### PROBLEM
Retype all of the data word for word, without pictures.

### DATA BELOW
□ □ □ □

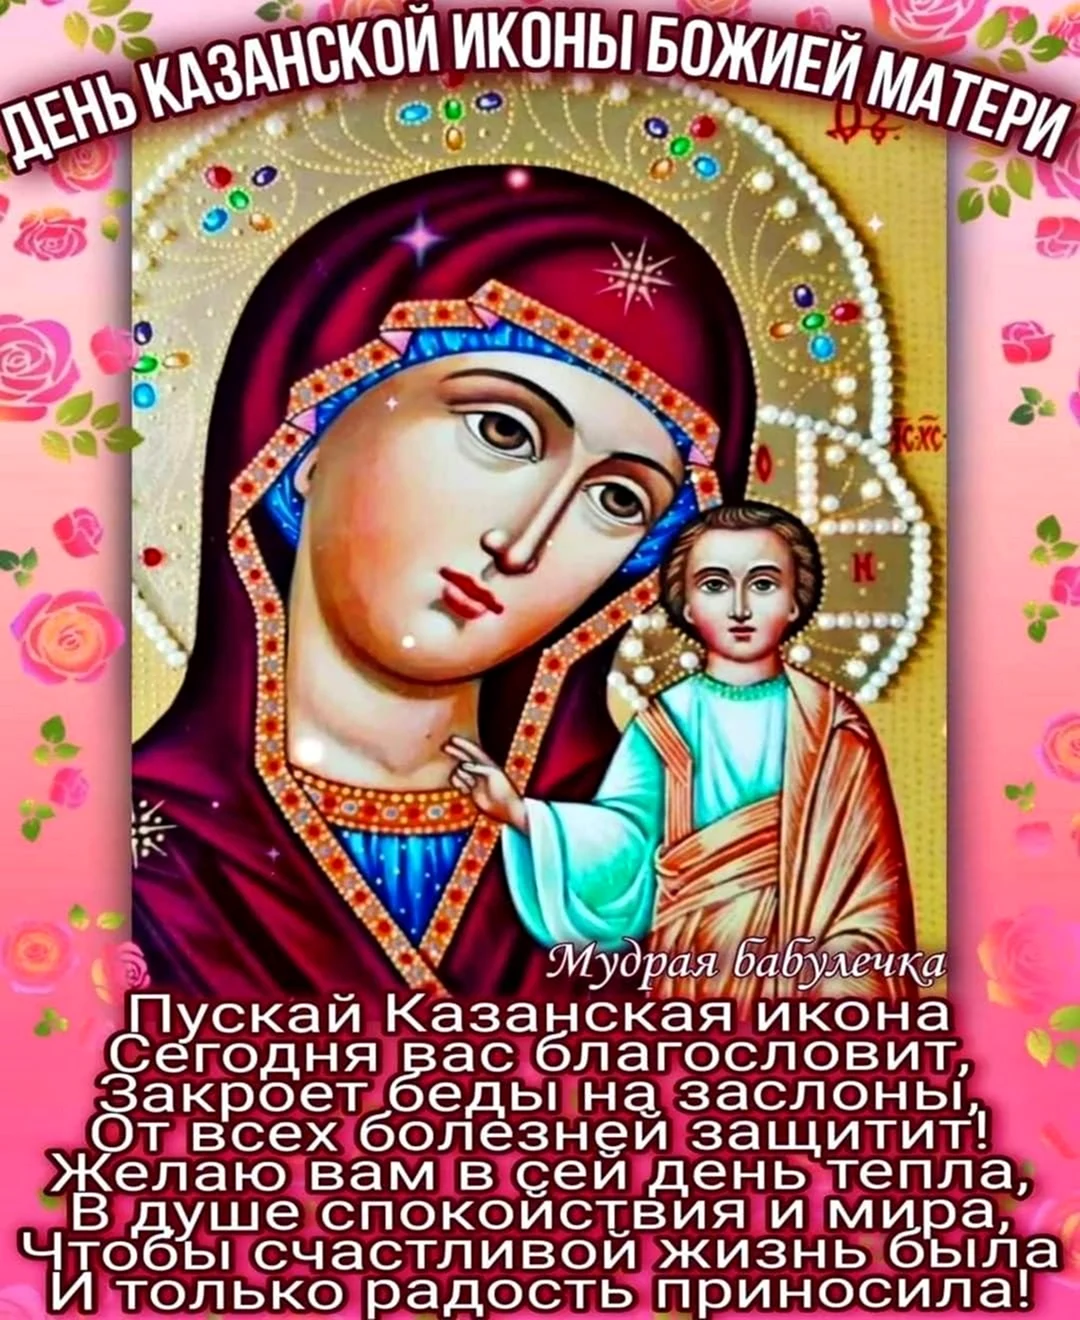 Казанская икона Божией матери праздник 2021. Поздравление на праздник
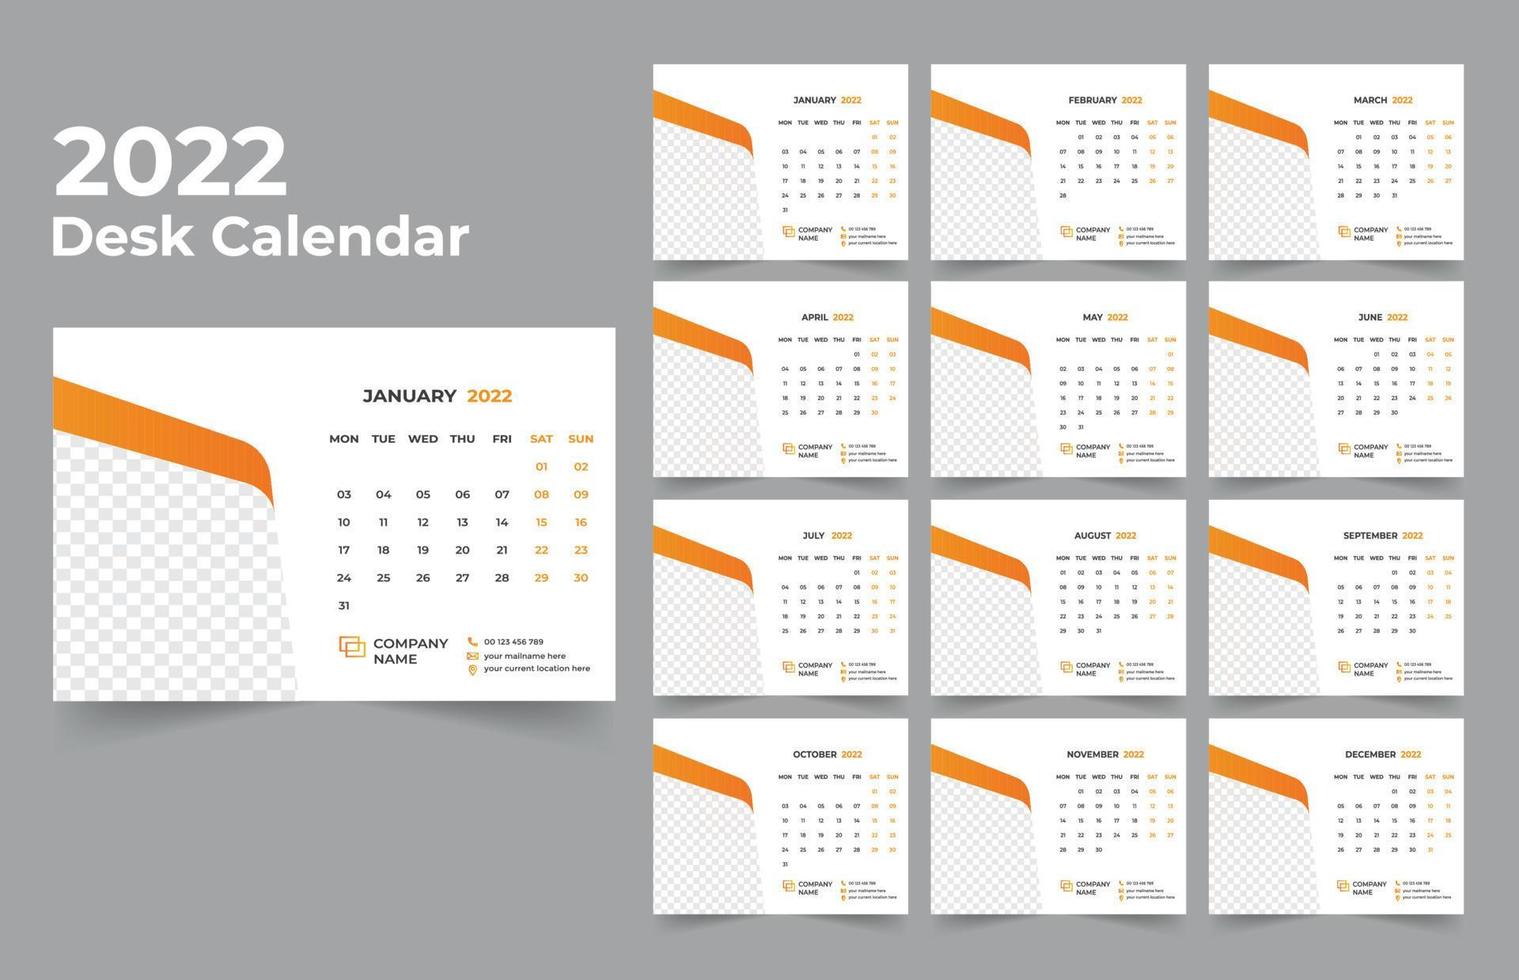 diseño de calendario de escritorio 2022 conjunto de plantillas de 12 meses, la semana comienza el lunes, diseño de papelería, planificador de calendario vector
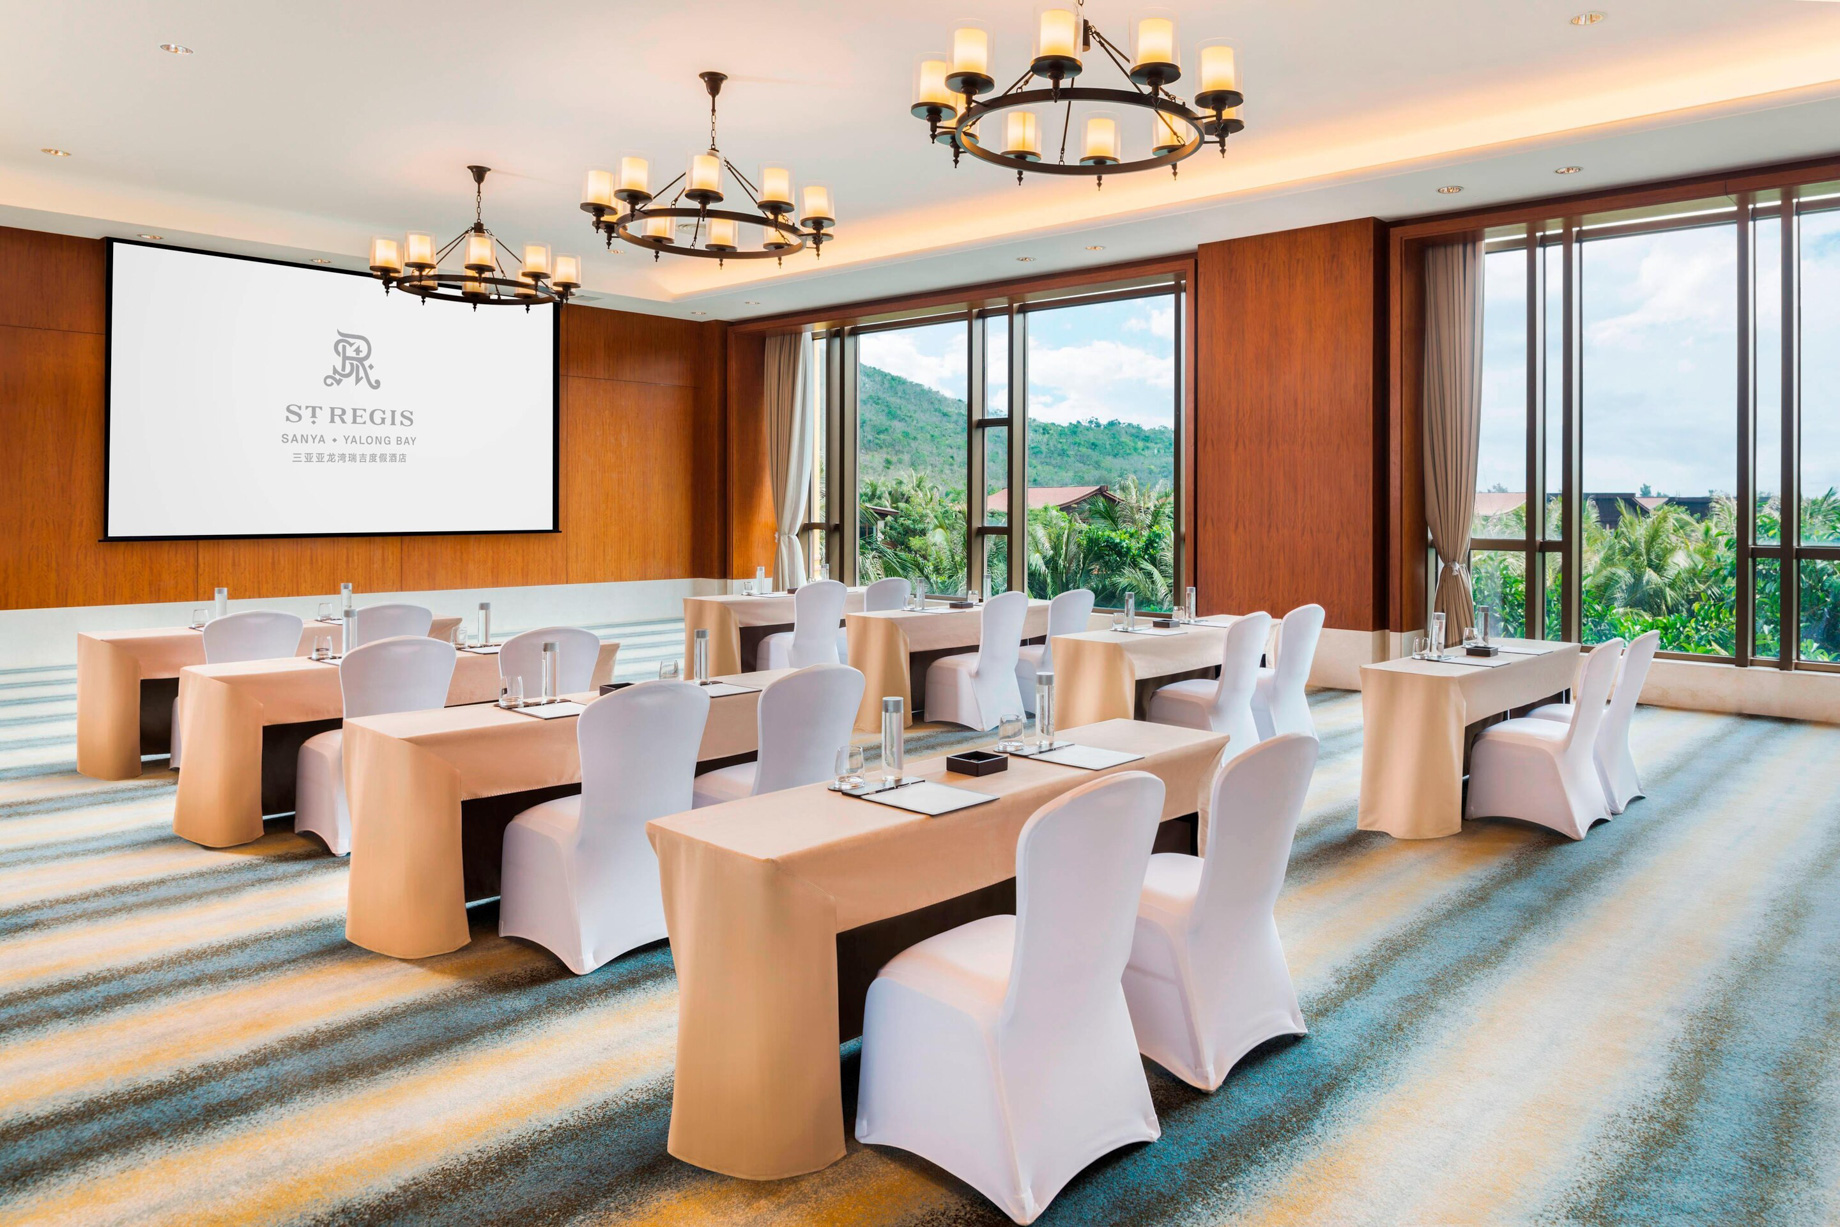 The St. Regis Sanya Yalong Bay Resort – Hainan, China – VIP Meeting Room

□ □ □ □

### ANSWER SECTION
 Казанская икона Божией матери праздник 2021. Поздравление на праздник
 diseño de calendario de escritorio 2022 conjunto de plantillas de 12 meses, la semana comienza el lunes, diseño de papelería, planificador de calendario vector
 The St. Regis Sanya Yalong Bay Resort – Hainan, China – VIP Meeting Room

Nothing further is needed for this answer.